Print the data once more, exactly as given. Drop the pictures.

◆ The data:
● ● ● ●

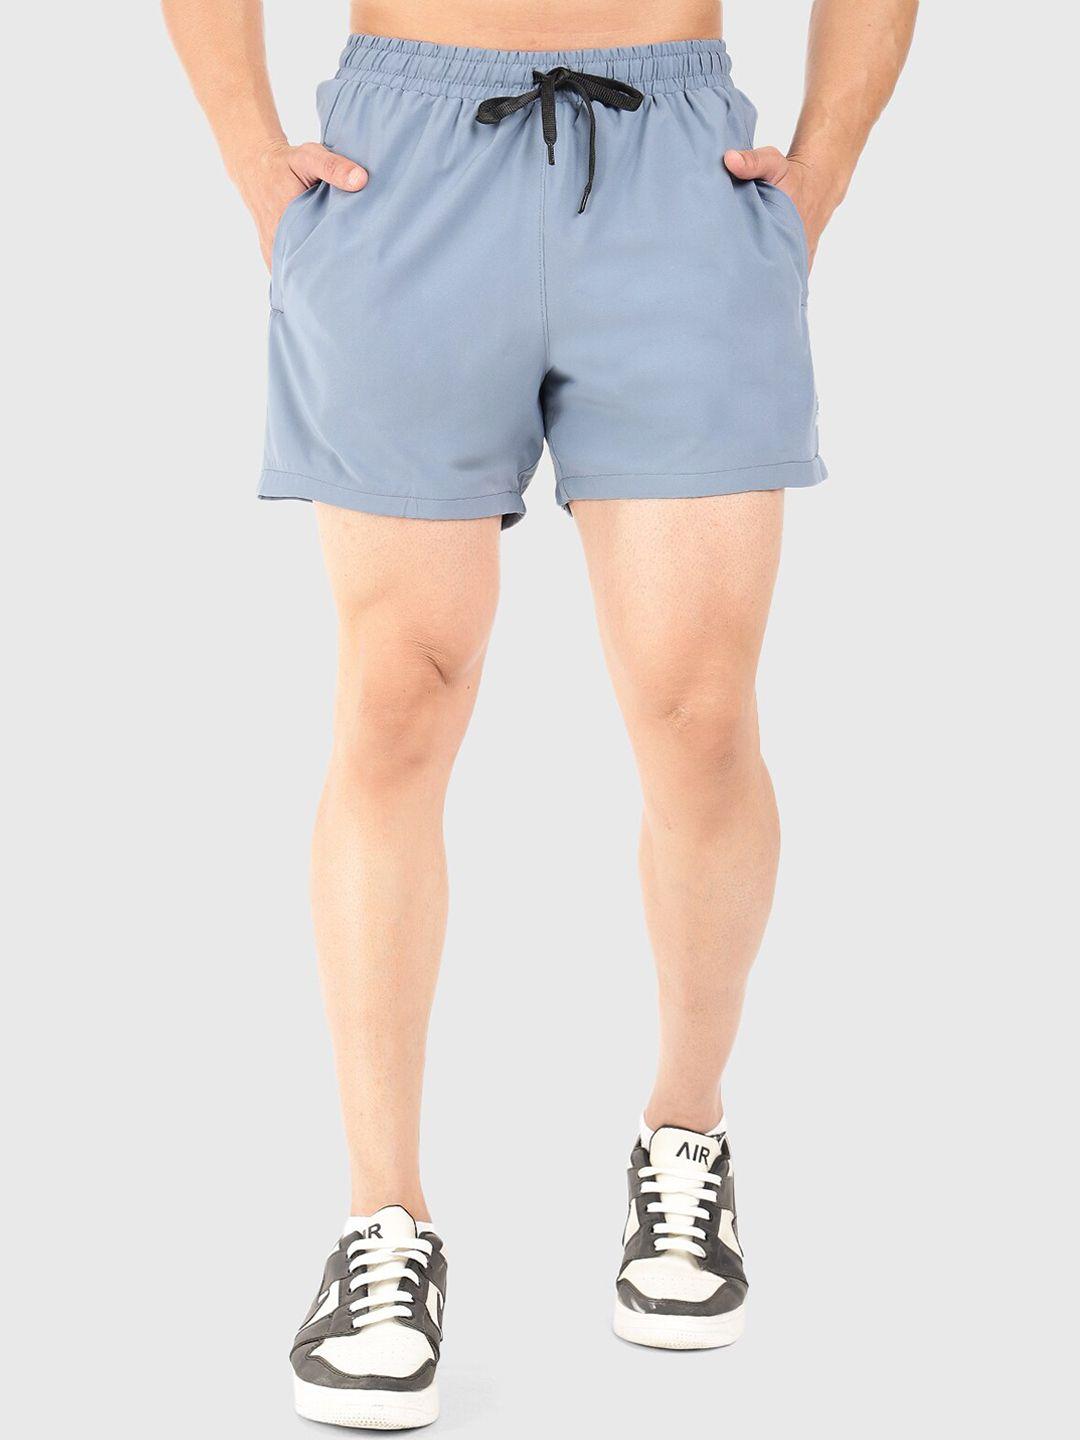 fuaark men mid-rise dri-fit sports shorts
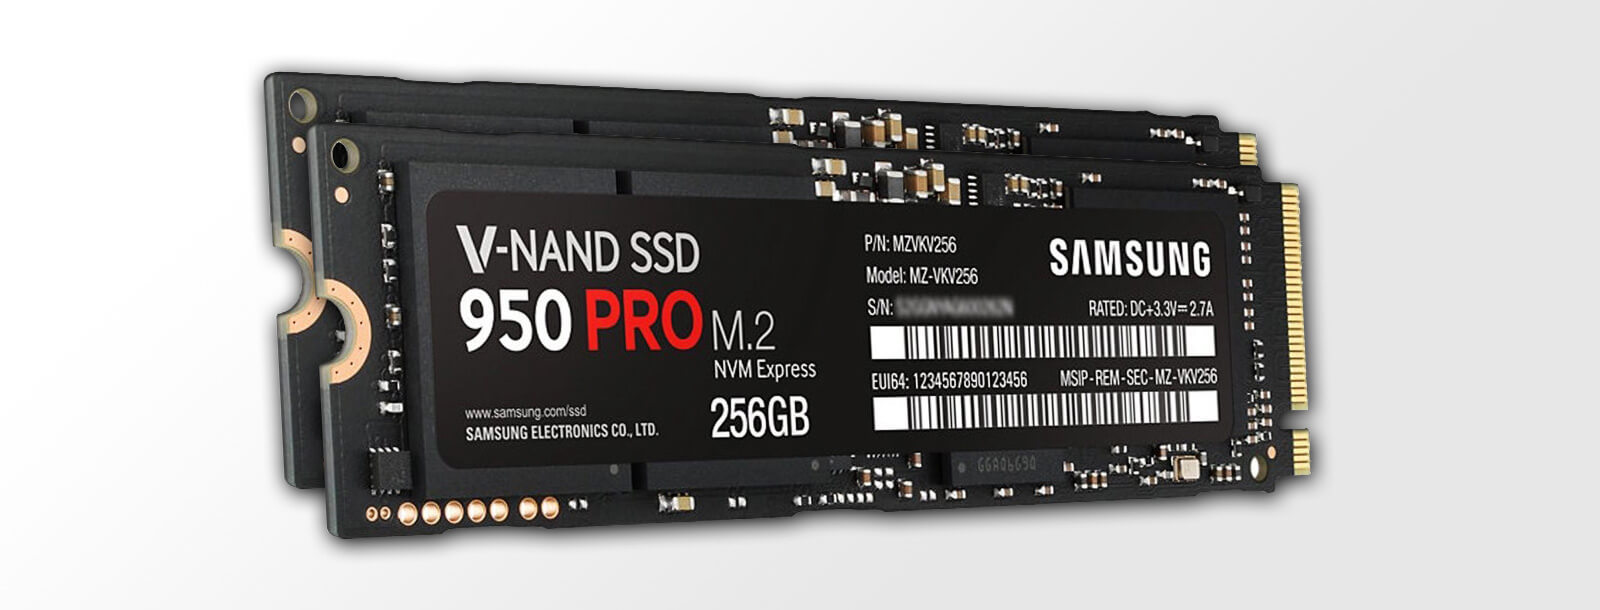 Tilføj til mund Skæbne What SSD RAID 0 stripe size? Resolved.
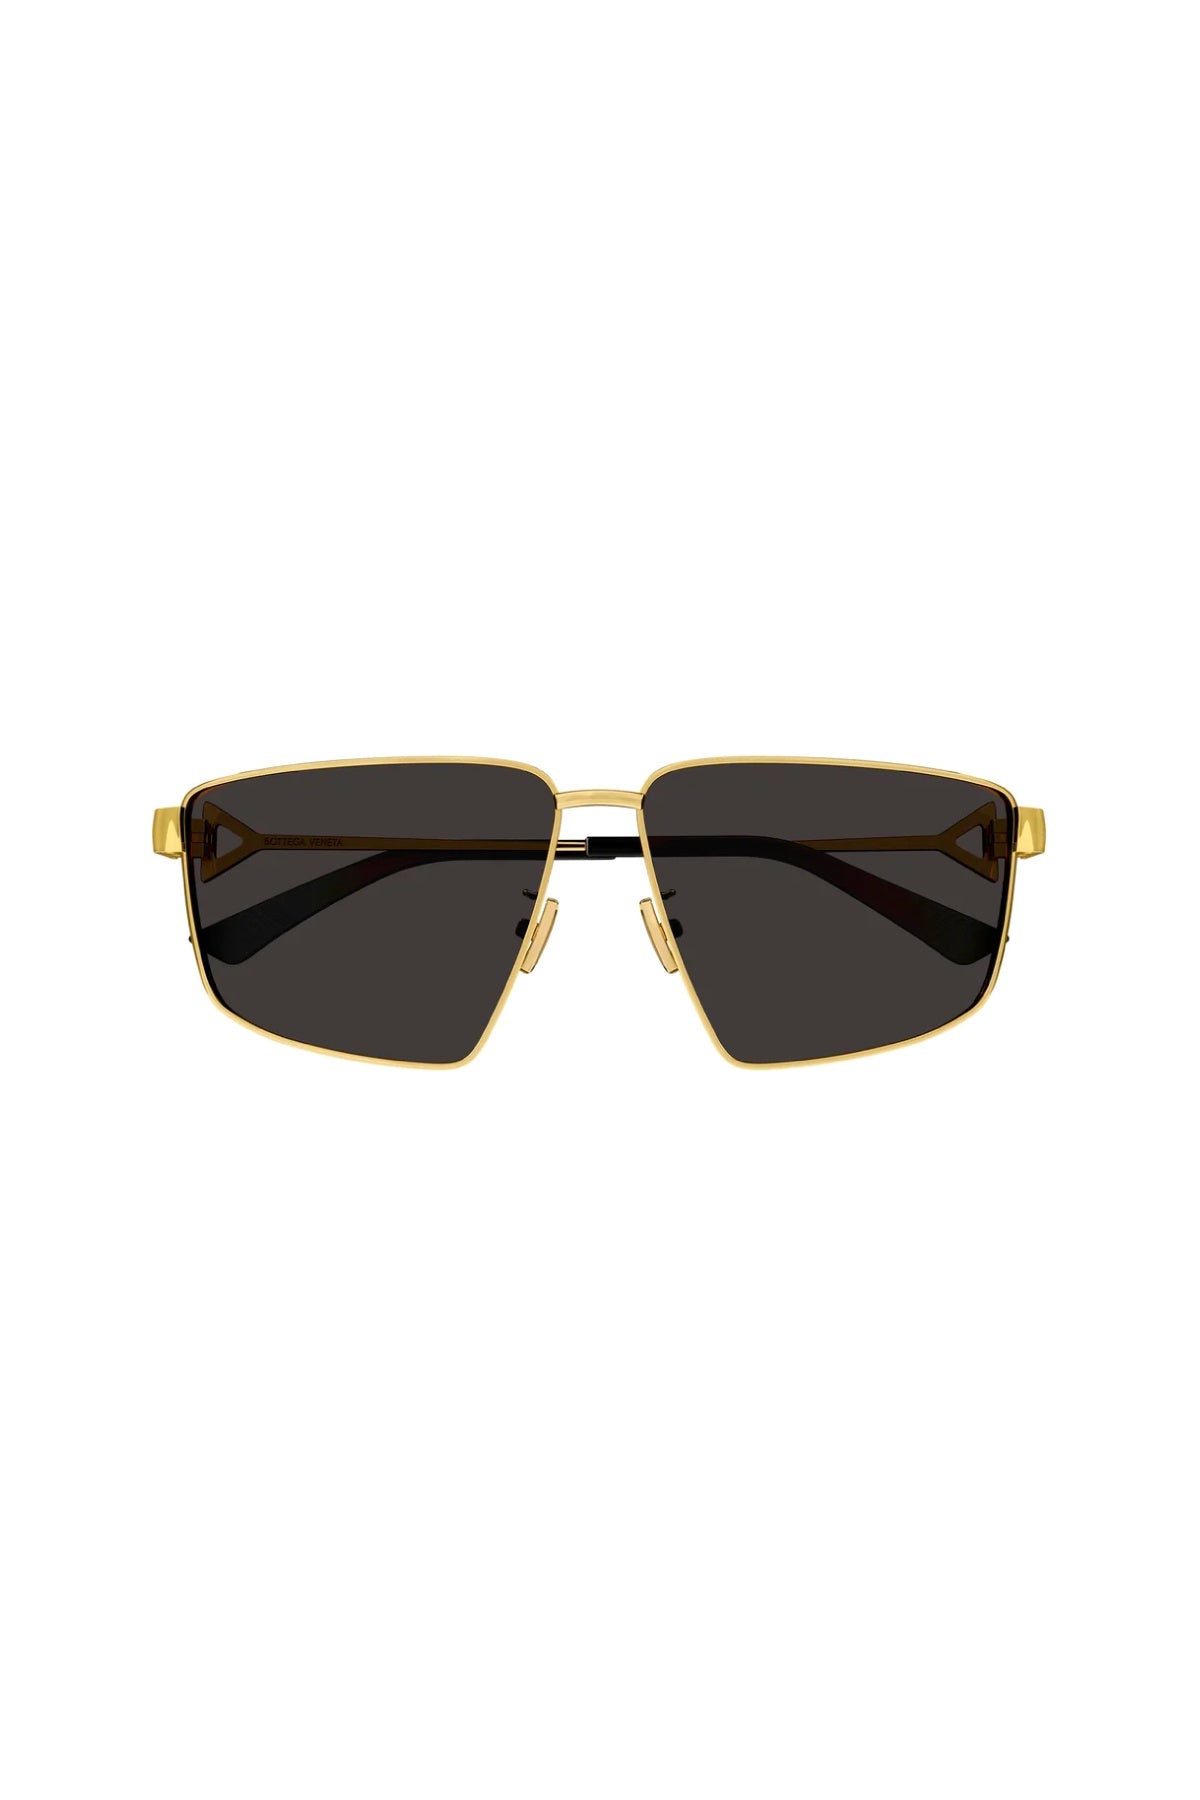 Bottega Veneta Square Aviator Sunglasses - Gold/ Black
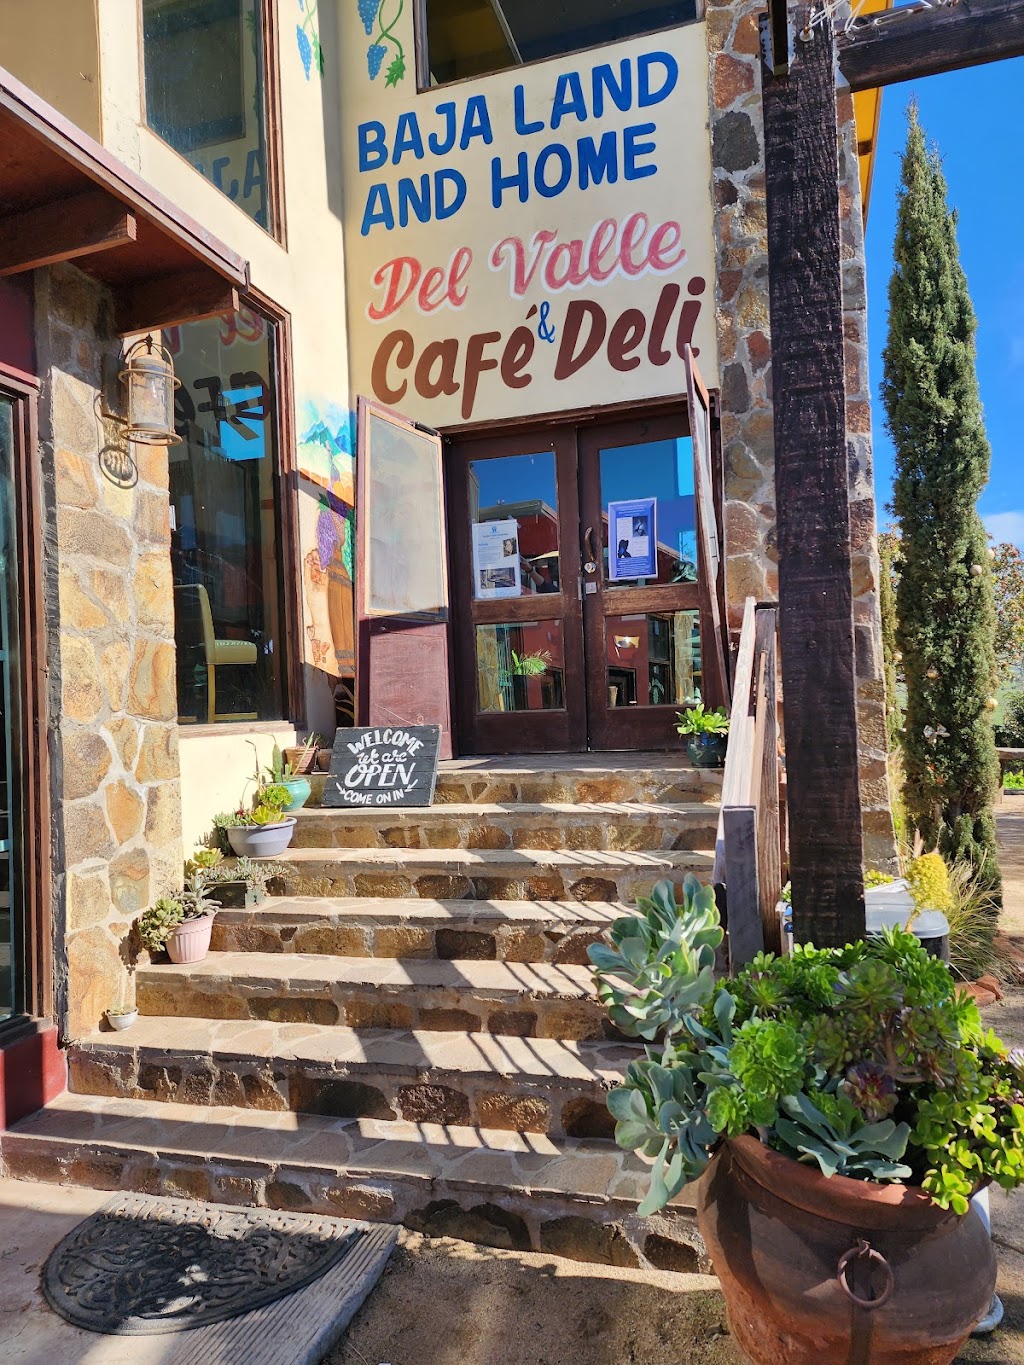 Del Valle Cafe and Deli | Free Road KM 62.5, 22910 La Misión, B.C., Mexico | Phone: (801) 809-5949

● ● ● ●

◆ Task answer:
 fuaark men mid-rise dri-fit sports shorts
 Tilføj til mund Skæbne What SSD RAID 0 stripe size? Resolved.
 Bottega Veneta Square Aviator Sunglasses - Gold/ Black
 Del Valle Cafe and Deli | Free Road KM 62.5, 22910 La Misión, B.C., Mexico | Phone: (801) 809-5949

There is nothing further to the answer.